While signing off $2 million in machinery sales at the recent Big5 event, a spokesman at Sany, the creator of the world’s biggest crawler crane, the SCC86000TM, said that the company was focusing on the Middle East region and putting “effort and energy” here, adding that the company is optimistic about construction activity in the region.

It is also hopeful that it can do business in the energy sector, particularly in the enticing Iraq market.

Sany has set itself the target of doubling the share of its overseas sales within the next five years. It’s a competitive target but it’s confident it is attainable with the market shifting its habits and perceptions changing on the ability of Chinese companies to fulfil promises on improved servicing.

“After the financial crisis there was of course a fall in construction activity in the region, but from this year we predict that the market will go up,” he added. “That’s why we’re putting so much effort and energy here. We will also be looking to grow the employee numbers as the business grows.”

Sany has also stepped up its presence at the region’s shows, and soon after the close of the Big5, the company was participating at an oil and gas exhibition in Basra, Iraq. Kevin added that the company sees the country of one of huge potential amid its wide government spending plans, as is the energy sector.

“We don’t have the majority of our work in oil and gas, though we certainly supply to that sector. We mainly still focus on construction, as well as mining,” said the spokesperson.

Setting up shop

Chinese companies are also stepping up their physical presence in the market. Bulldozer specialist (among a growing number of other things) Shantui opened a new facility in Jebel Ali Free Zone in July and officially launched its first Middle East subsidary, Shantui Construction Equipment FZE. Shantui’s managing director Wang Feng said the company will use the the facility as its main hub to serve the Middle East and North Africa markets: “This is an important step for us. We start with $1 million worth of stock. Eventually the stock will be increased to $20 million,” he said at the launch.

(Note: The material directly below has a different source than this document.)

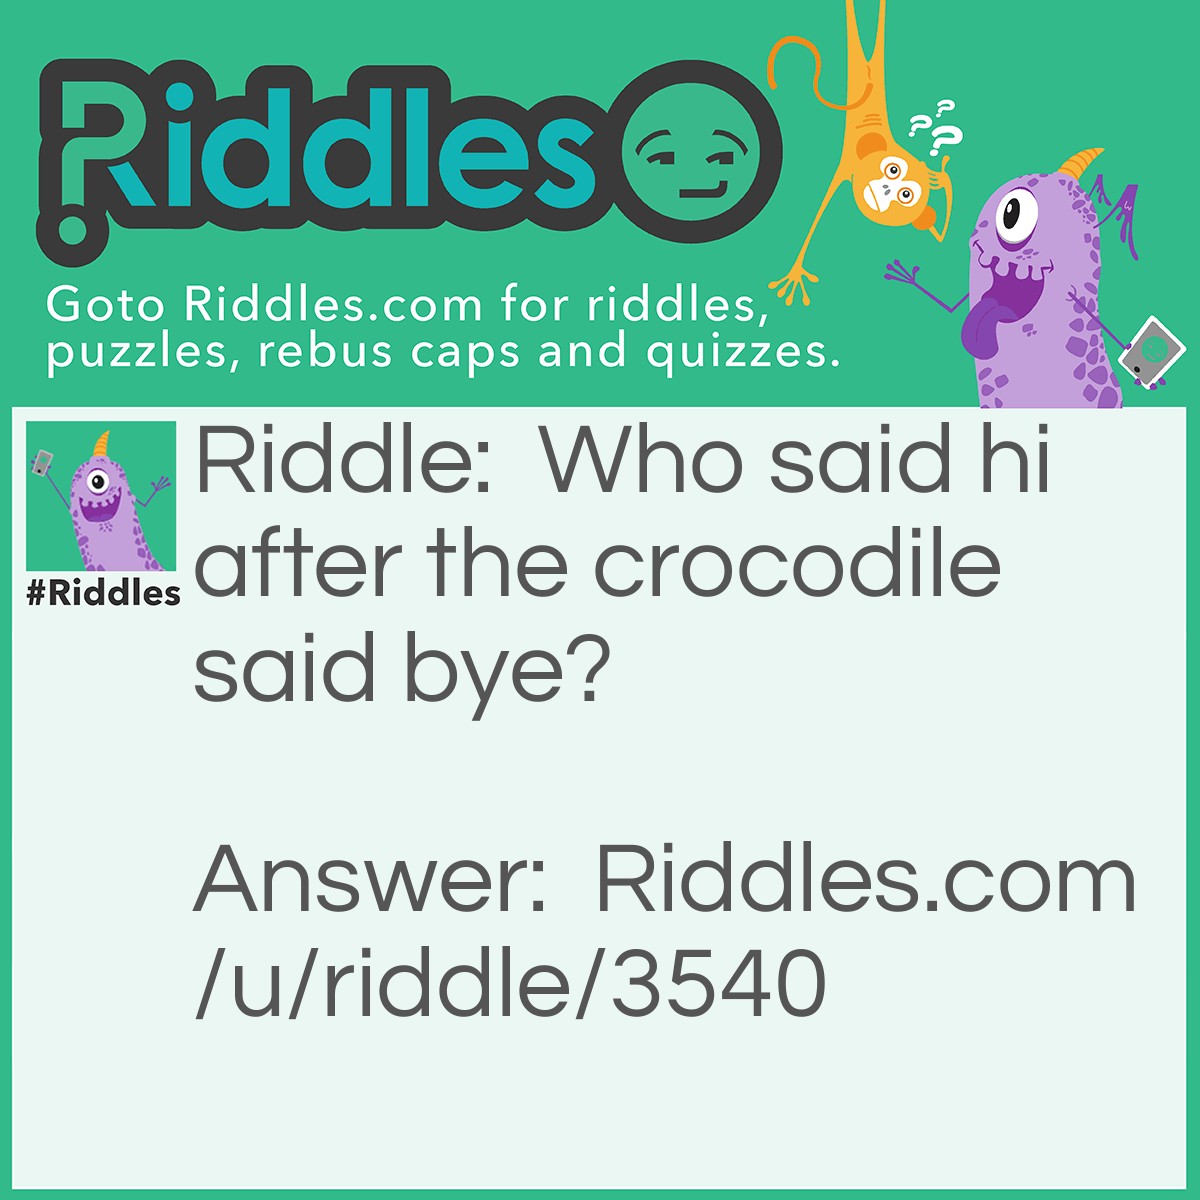 Riddle: Who said hi after the crocodile said bye? Answer: The alligator.

When LiuGong opened its first ever PDC in Jebel Ali, it made sure its top brass was there to host the inauguration. Zeng Guang’an, LiuGong’s president, noted the move is a continuation of LiuGong’s global expansion strategy and that Dubai is ideally situated in the Middle East.

“Dubai represents an important expansion for LiuGong,” Zeng said. “In the past three years, we have continued to sign major contracts, such as our sale of 45 refurbished machines in Saudi Arabia, which occurred in June. Our dealers there have been very successful in placing LiuGong in customer demonstrations and at job sites. The port at Jebel Ali and its free trade zone supports our imports, and allows us to ship machines and parts quickly into and out of the entire region.”

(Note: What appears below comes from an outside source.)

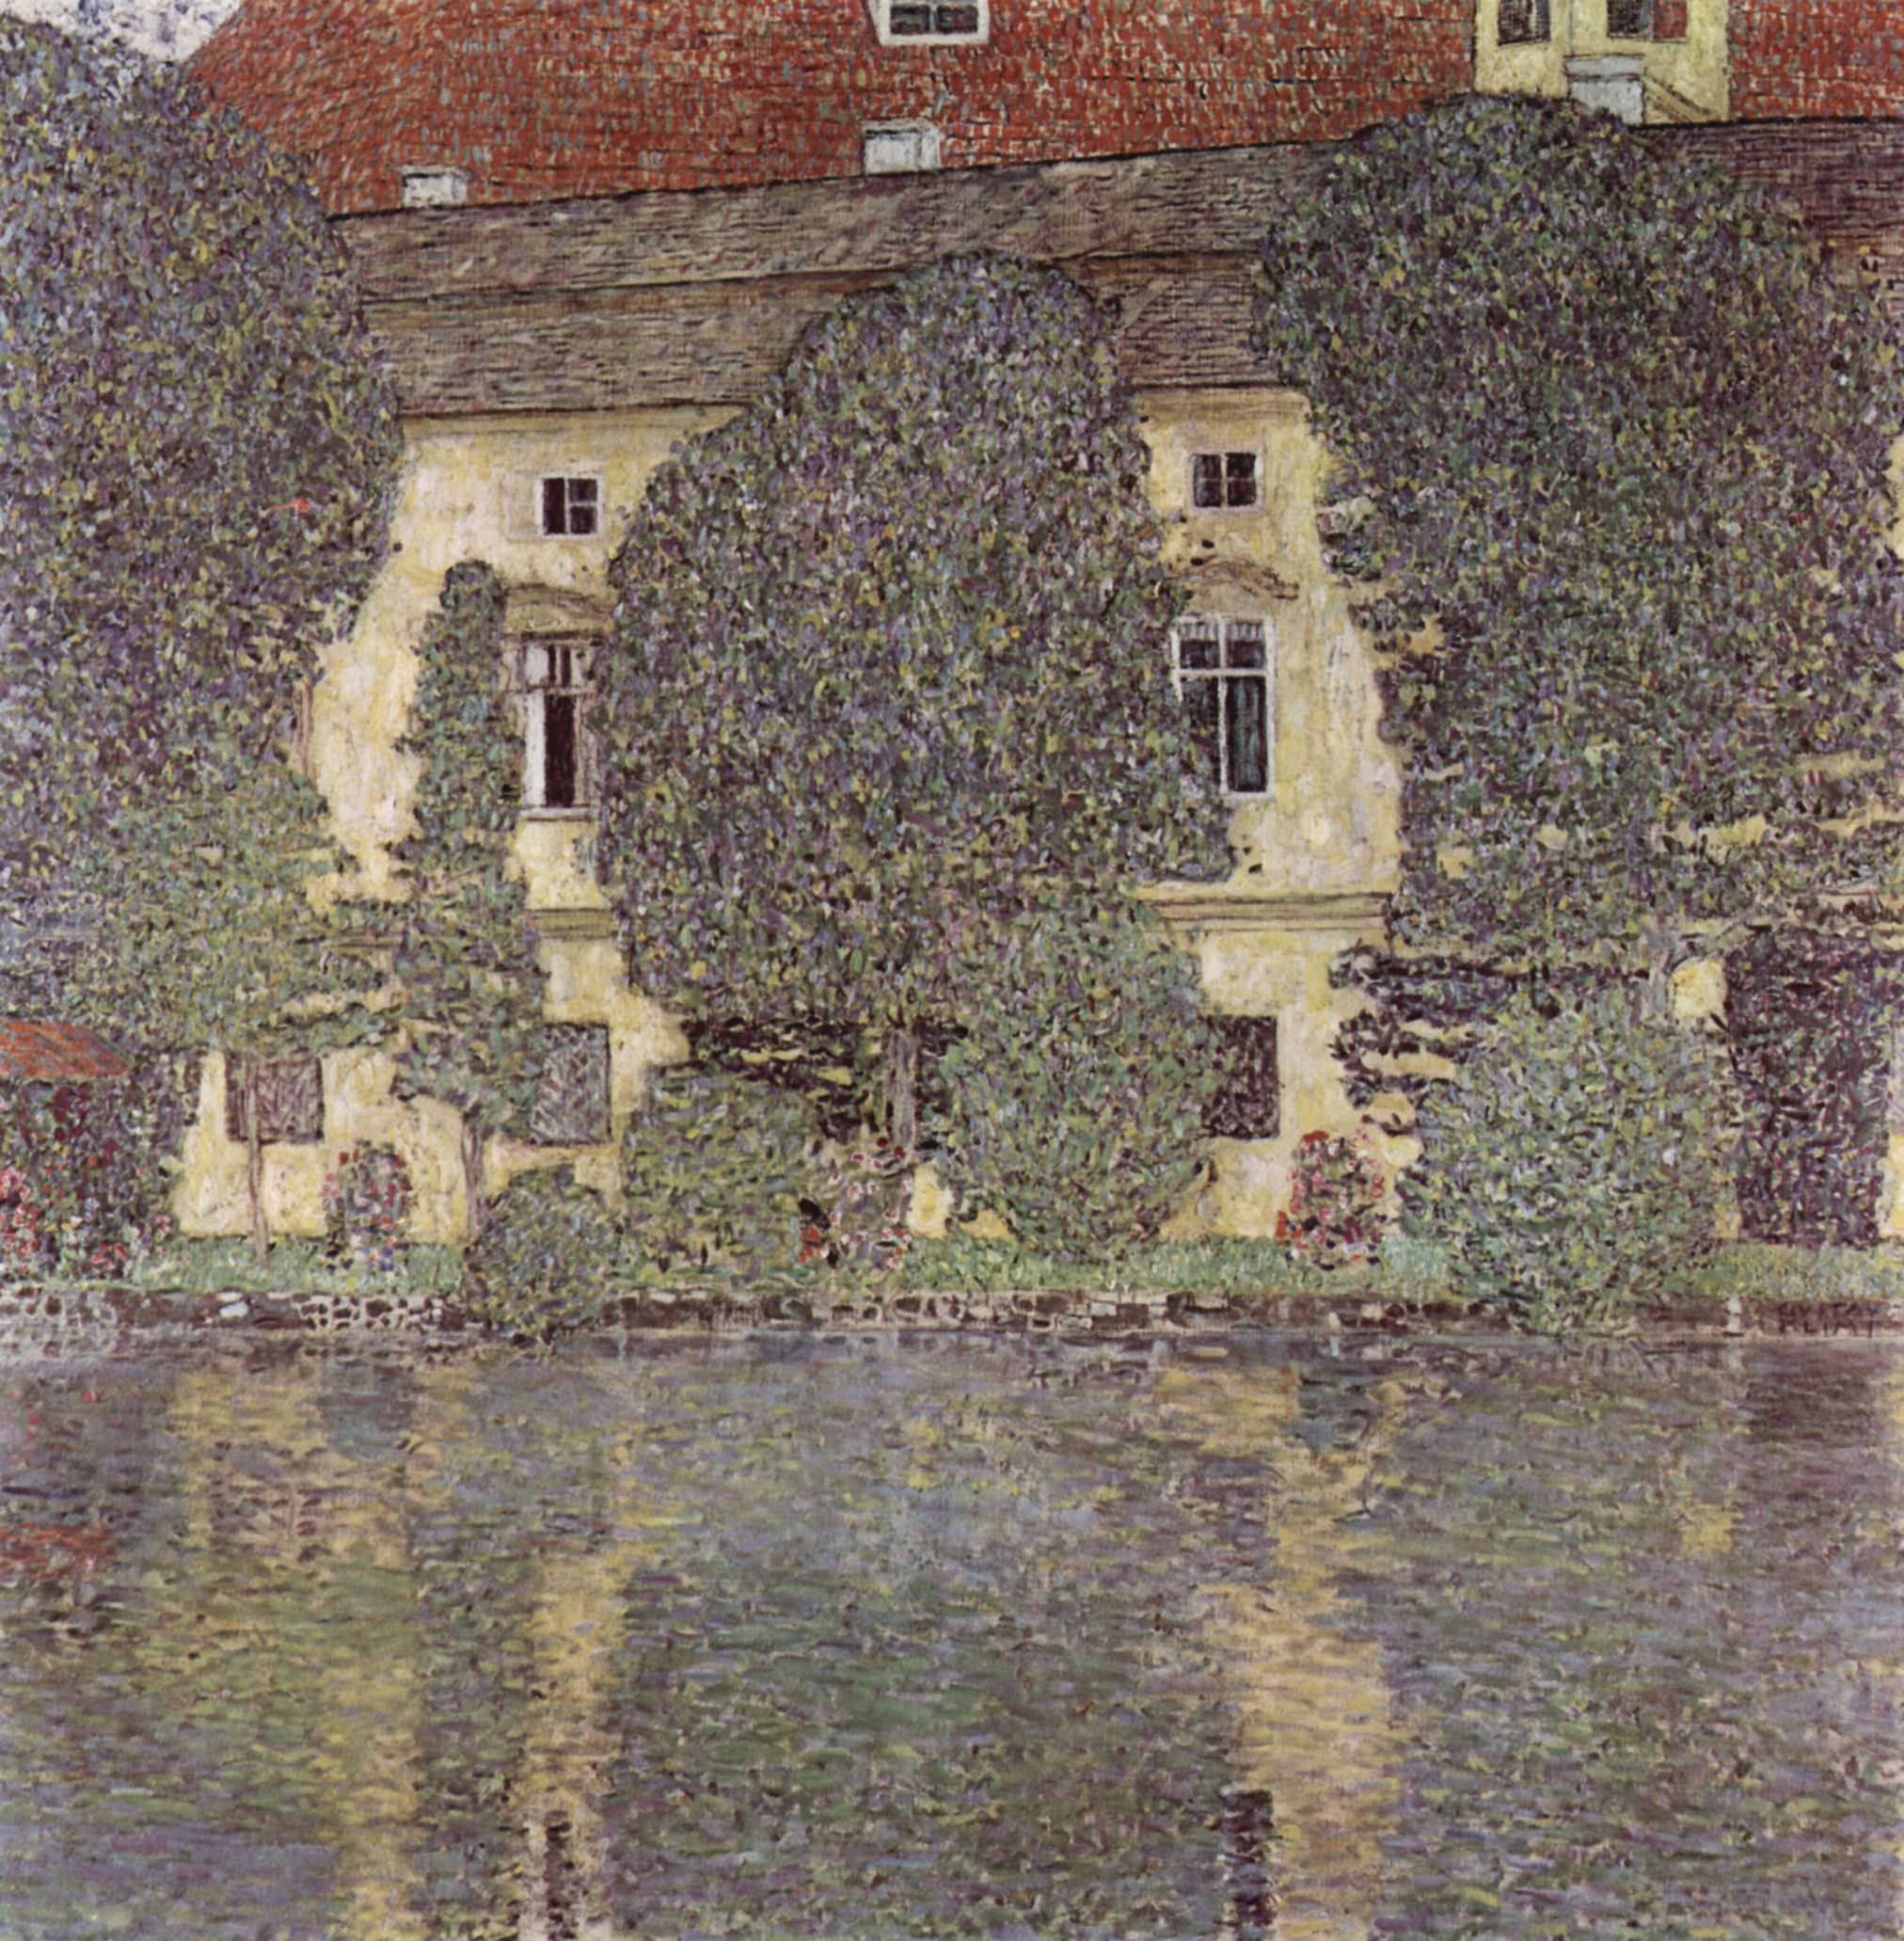 The Schloss Kammer on the Attersee, III (1910).

LiuGong already has four dealers in the region in Dubai, Yemen, Saudi Arabia and Oman moving 500 machines a year. Wheel loaders and excavators are its top sellers. LiuGong Machinery Middle East is expected to become fully operational in early 2012. It will include 1,000 square meters of office space for support personnel, and a parts depot. It represents a $3.5 million investment and the operation will be run by the approachable Liang Yongjie who will serve as the general manager. The subsidiary is well equipped too with a sophisticated parts depot that ensures that LiuGong to warehouse parts close to customers and markets. Parts and machines will be imported to the depot, tested and made available for customer demonstrations. LiuGong claims it can now ship parts to Dubai and across the Middle East within 48 hours.

Chinese machinery manufacturers have come a long way since they started looking at the Middle East.